● ACTIVITY: Once the line holding "slider-fundas-plancha Rayen |" is found, output it and all remaining lines of the data exactly, with every picture left out.

● DATA SEGMENT:
*** Block opens ***

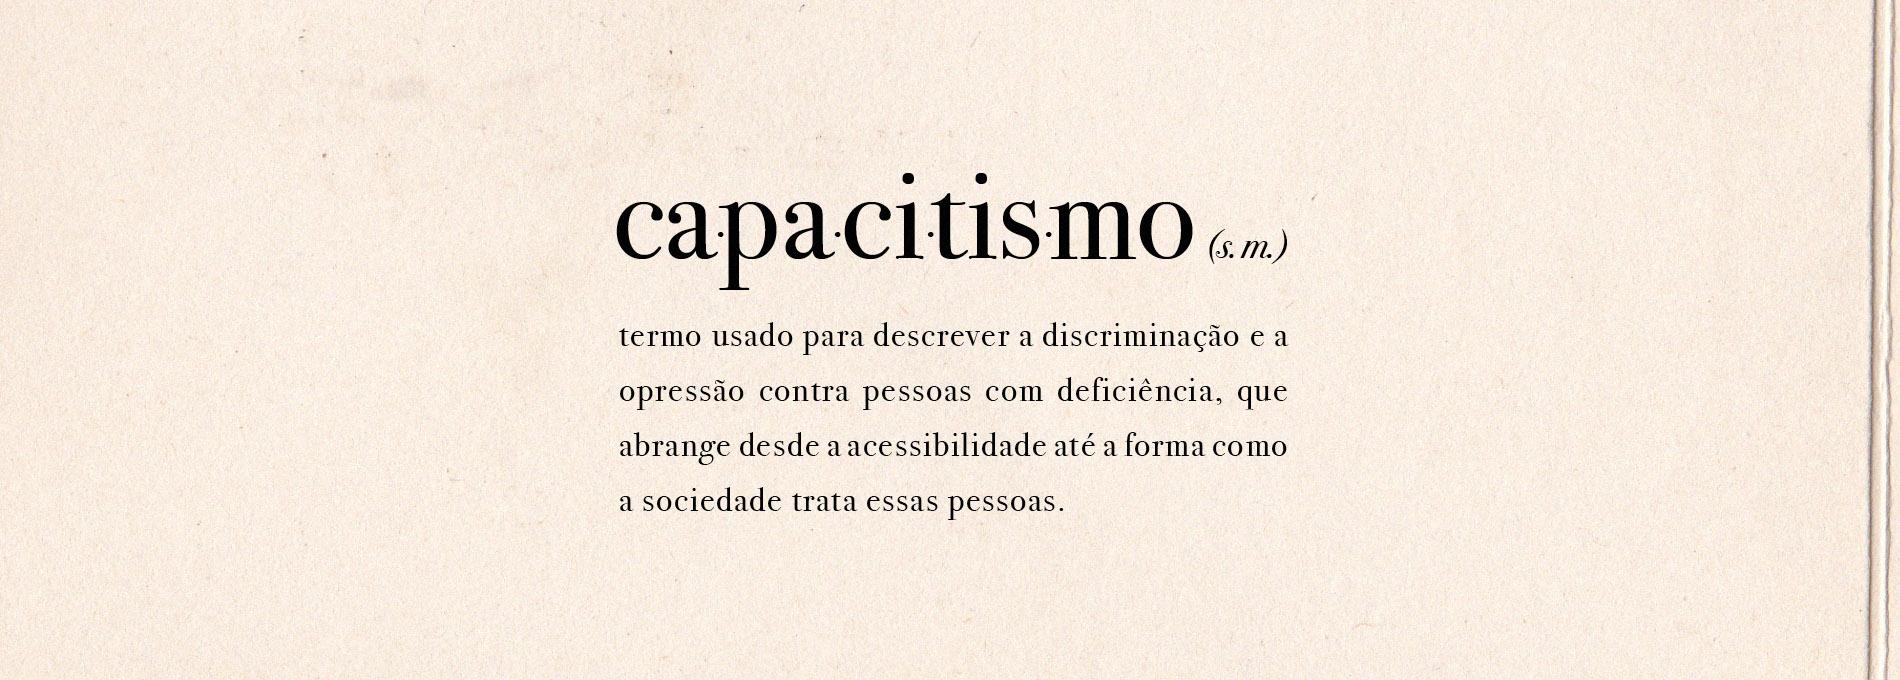 Definição de capacitismo
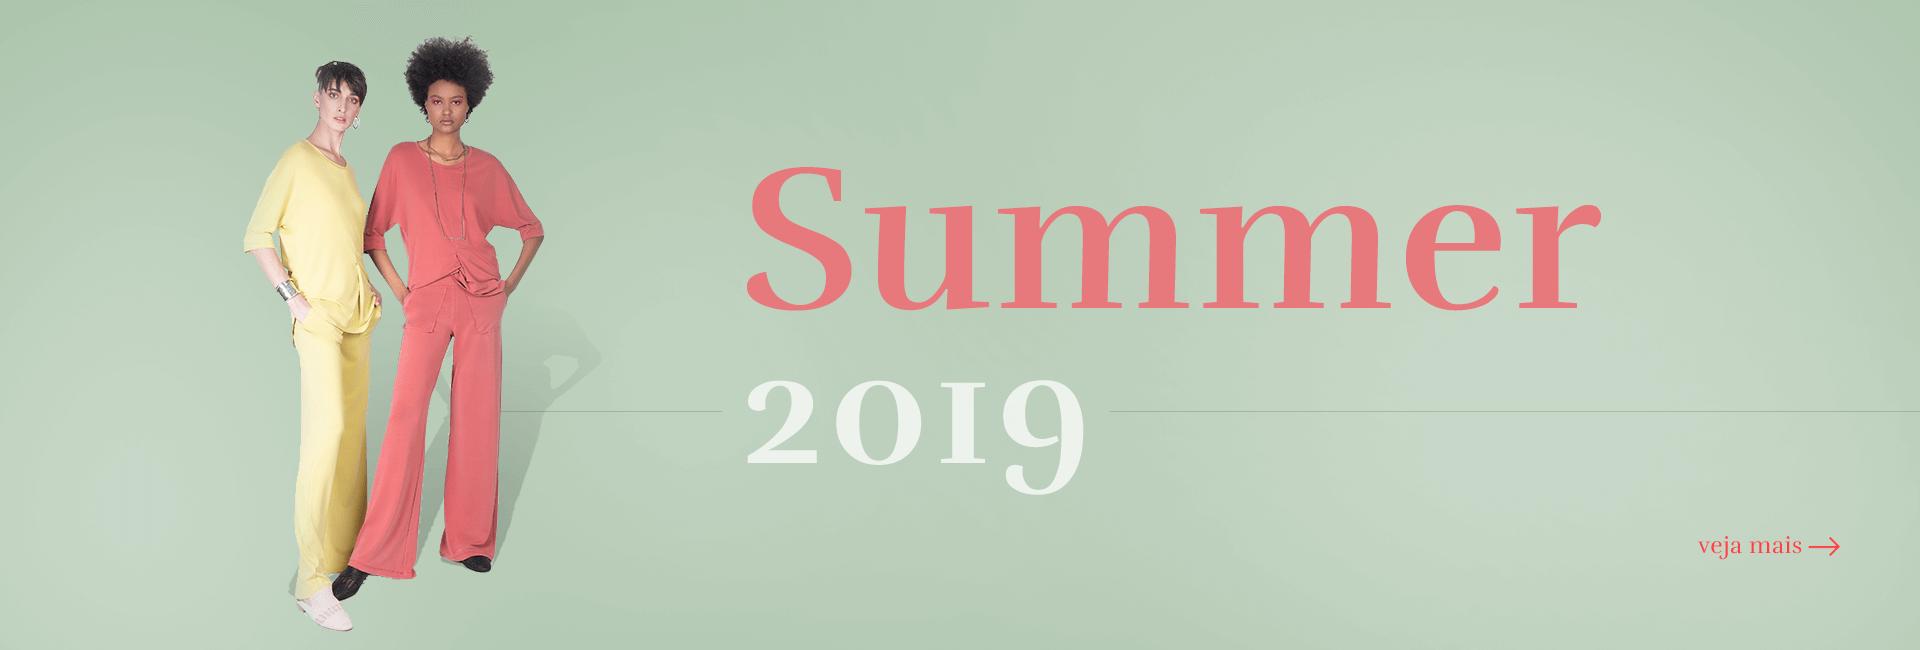 Verão 2019 - Verde
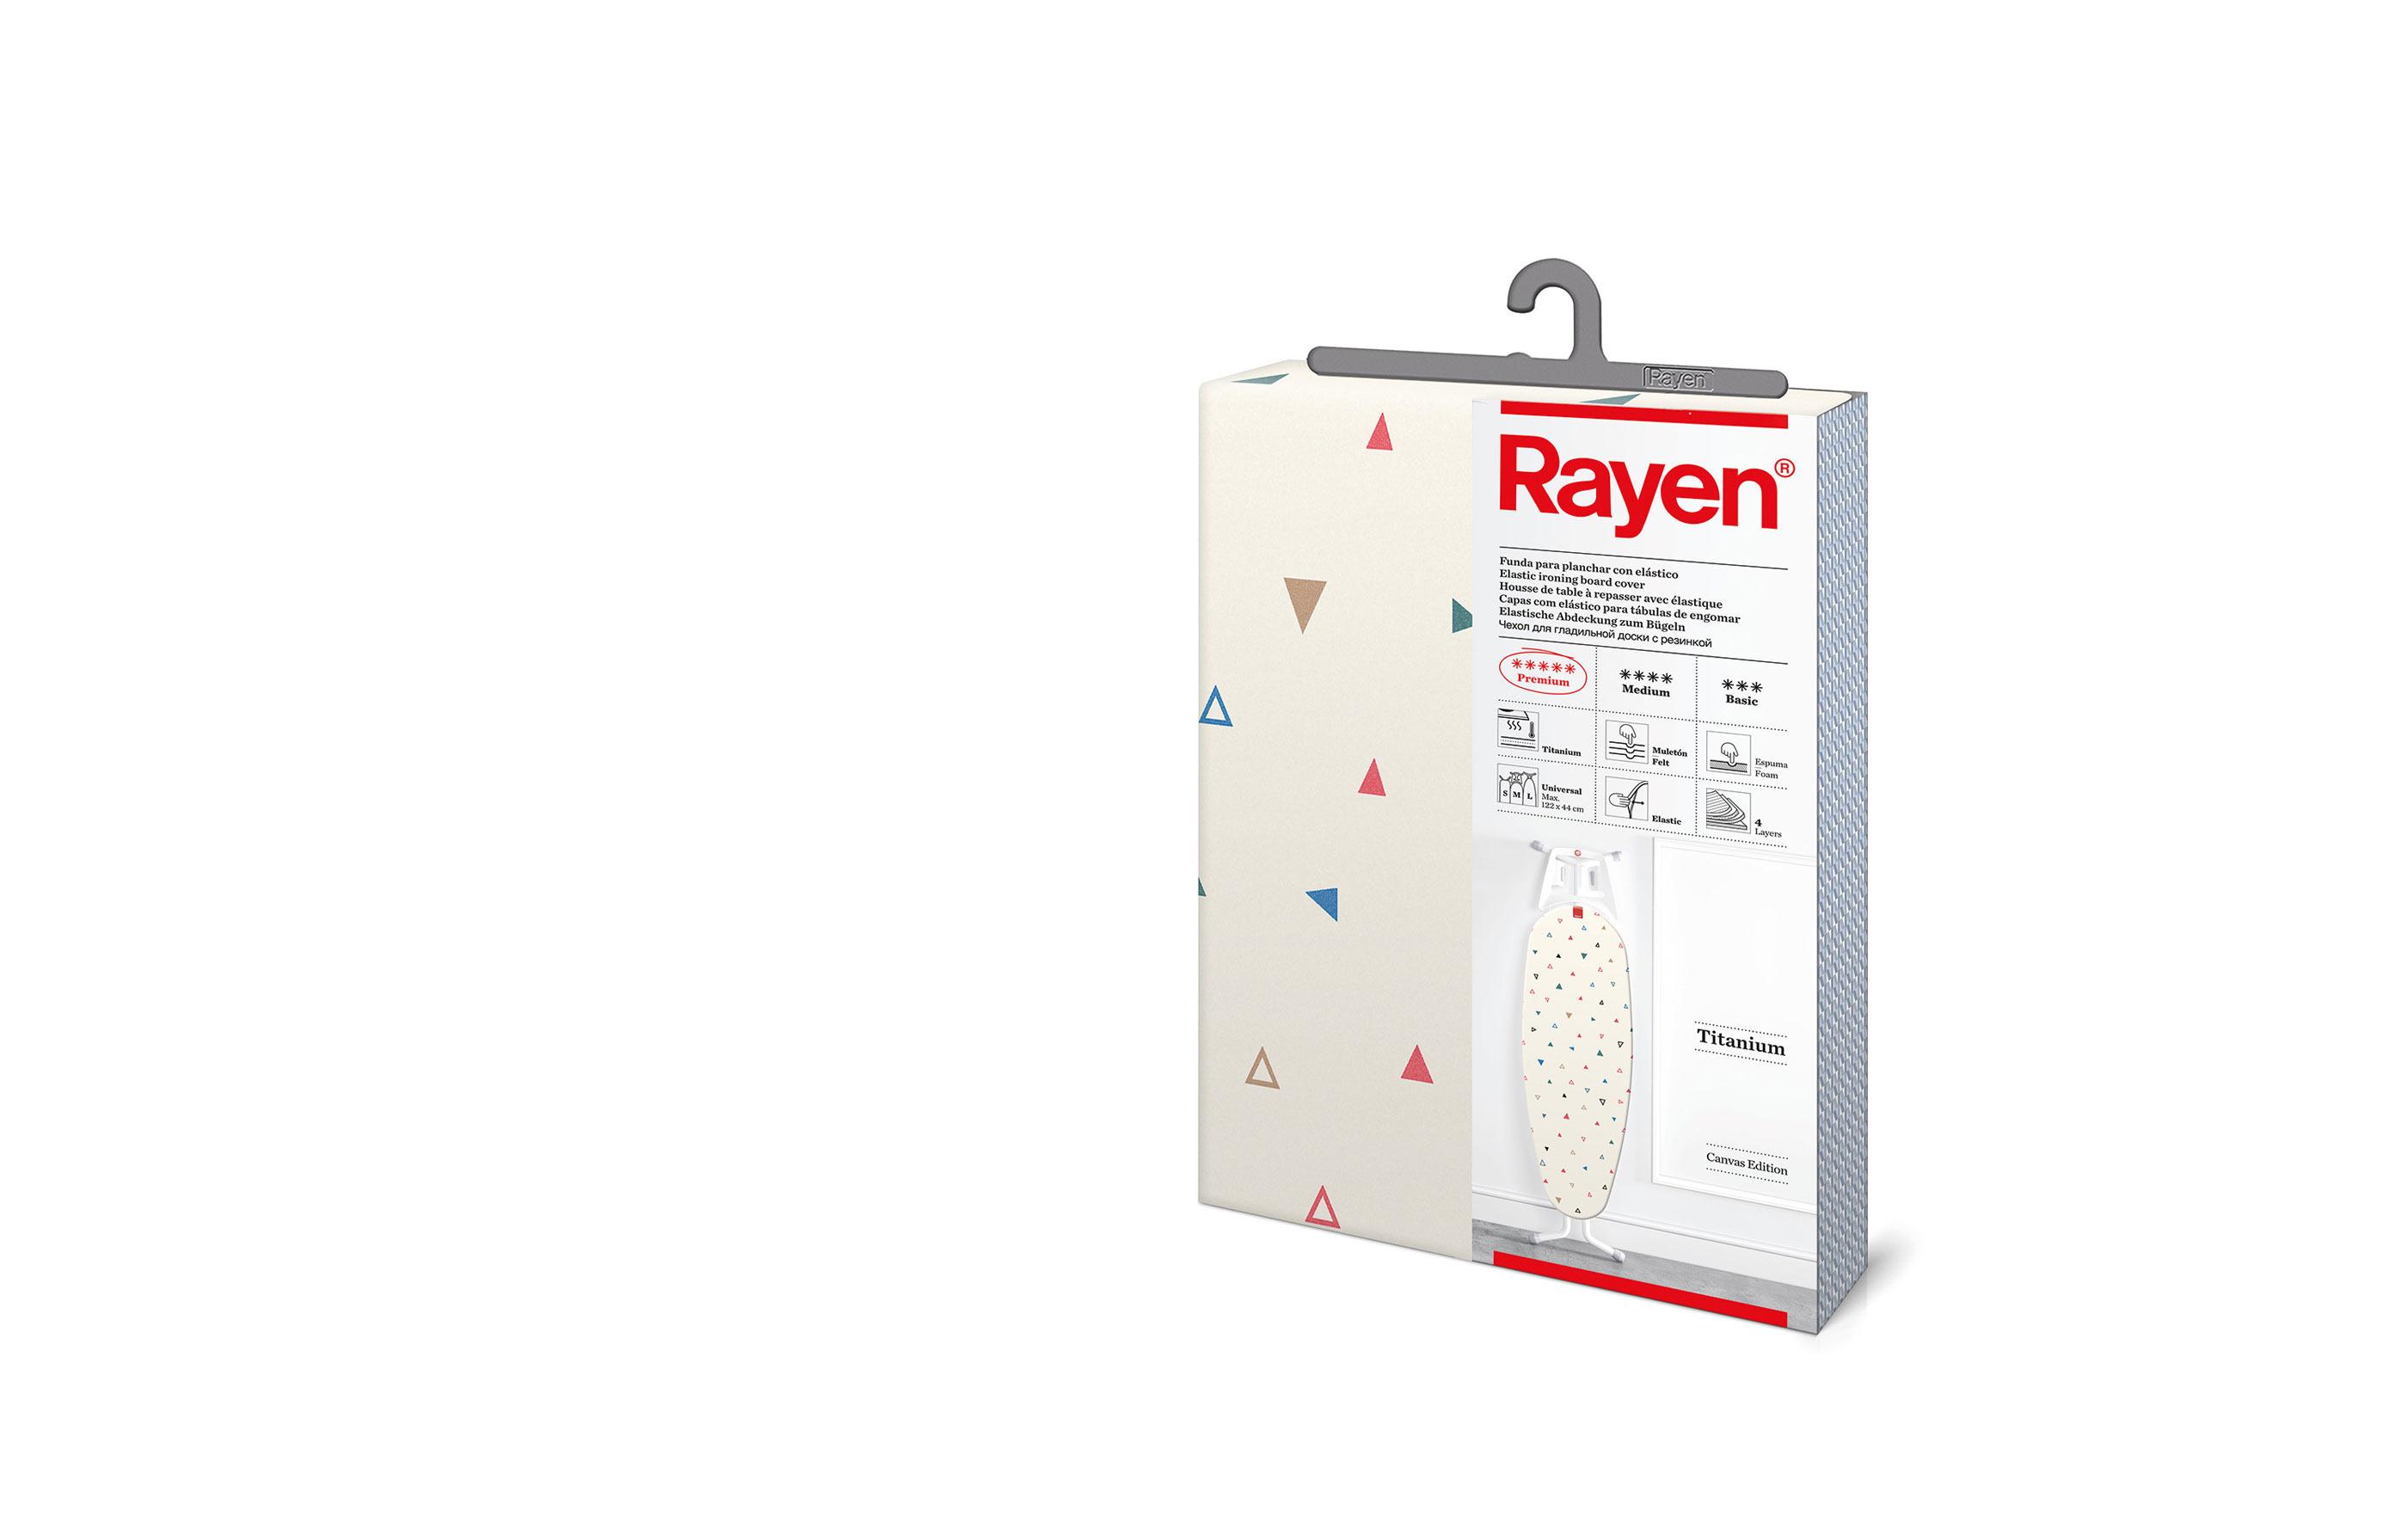 slider-fundas-plancha Rayen | Soluciones innovadoras para el hogar | Funda para planchar con elástico | Rayen.com
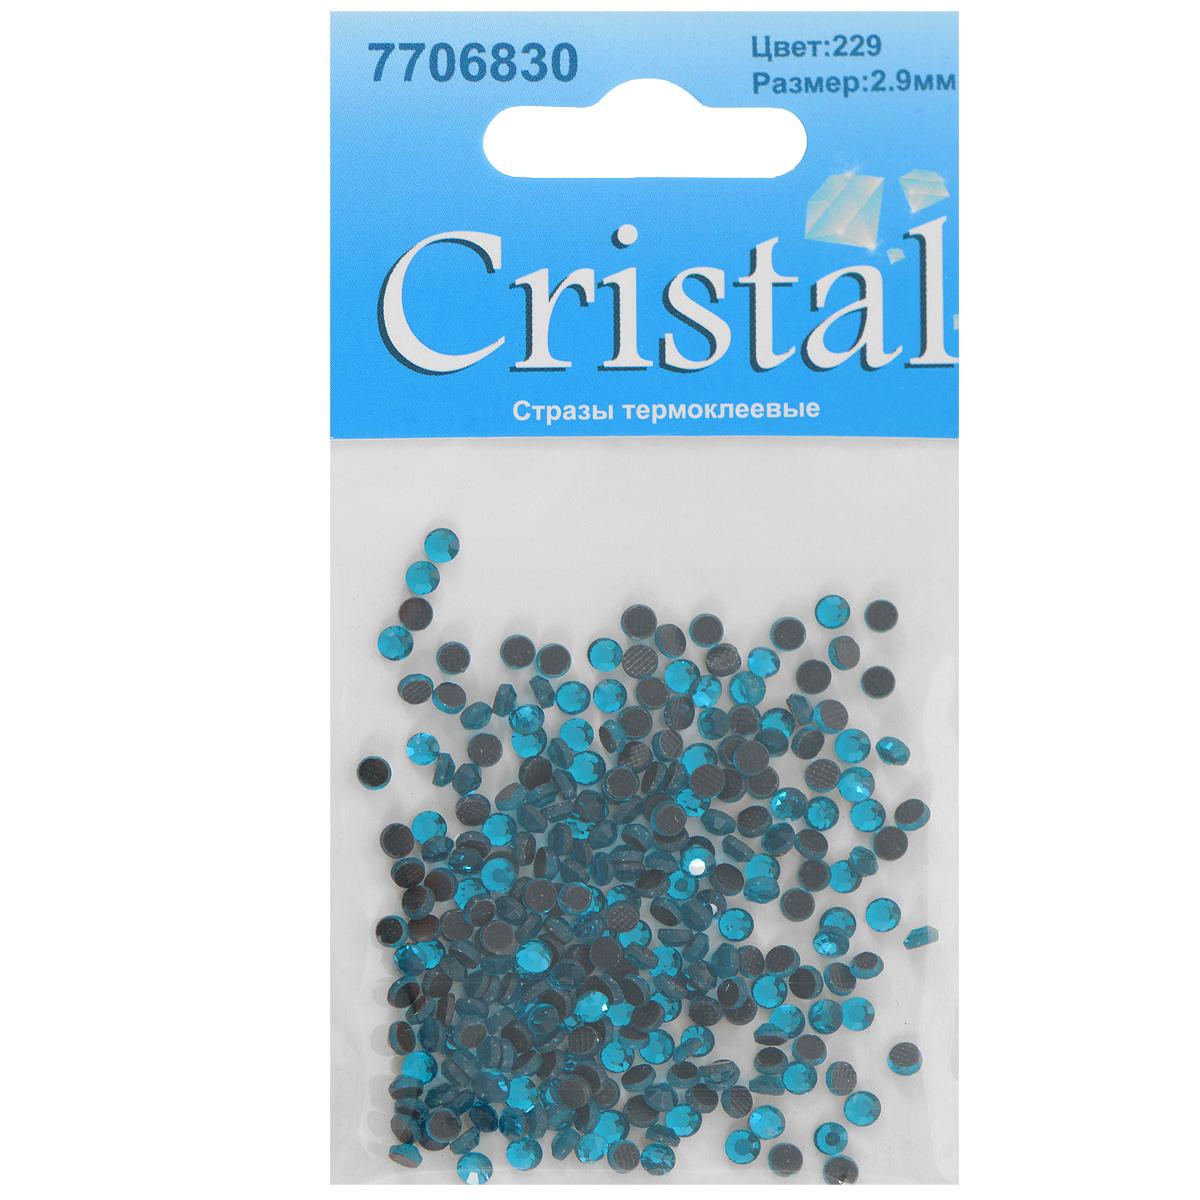 Стразы термоклеевые Cristal, цвет: бирюзовый (229), диаметр 2,9 мм, 288 шт7706830_229Набор термоклеевых страз Cristal, изготовленный из высококачественного акрила, позволит вам украсить одежду, аксессуары или текстиль. Яркие стразы имеют плоское дно и круглую поверхность с гранями.Дно термоклеевых страз уже обработано особым клеем, который под воздействием высоких температур начинает плавиться, приклеиваясь, таким образом, к требуемой поверхности. Чаще всего их используют в текстильной промышленности: стразы прикладывают к ткани и проглаживают утюгом с обратной стороны. Также можно использовать специальный паяльник. Украшение стразами поможет сделать любую вещь оригинальной и неповторимой. Диаметр страз: 2,9 мм.

*** Block closes ***

● RESPONSE:
 slider-fundas-plancha Rayen | Soluciones innovadoras para el hogar | Funda para planchar con elástico | Rayen.com
 Стразы термоклеевые Cristal, цвет: бирюзовый (229), диаметр 2,9 мм, 288 шт7706830_229Набор термоклеевых страз Cristal, изготовленный из высококачественного акрила, позволит вам украсить одежду, аксессуары или текстиль. Яркие стразы имеют плоское дно и круглую поверхность с гранями.Дно термоклеевых страз уже обработано особым клеем, который под воздействием высоких температур начинает плавиться, приклеиваясь, таким образом, к требуемой поверхности. Чаще всего их используют в текстильной промышленности: стразы прикладывают к ткани и проглаживают утюгом с обратной стороны. Также можно использовать специальный паяльник. Украшение стразами поможет сделать любую вещь оригинальной и неповторимой. Диаметр страз: 2,9 мм.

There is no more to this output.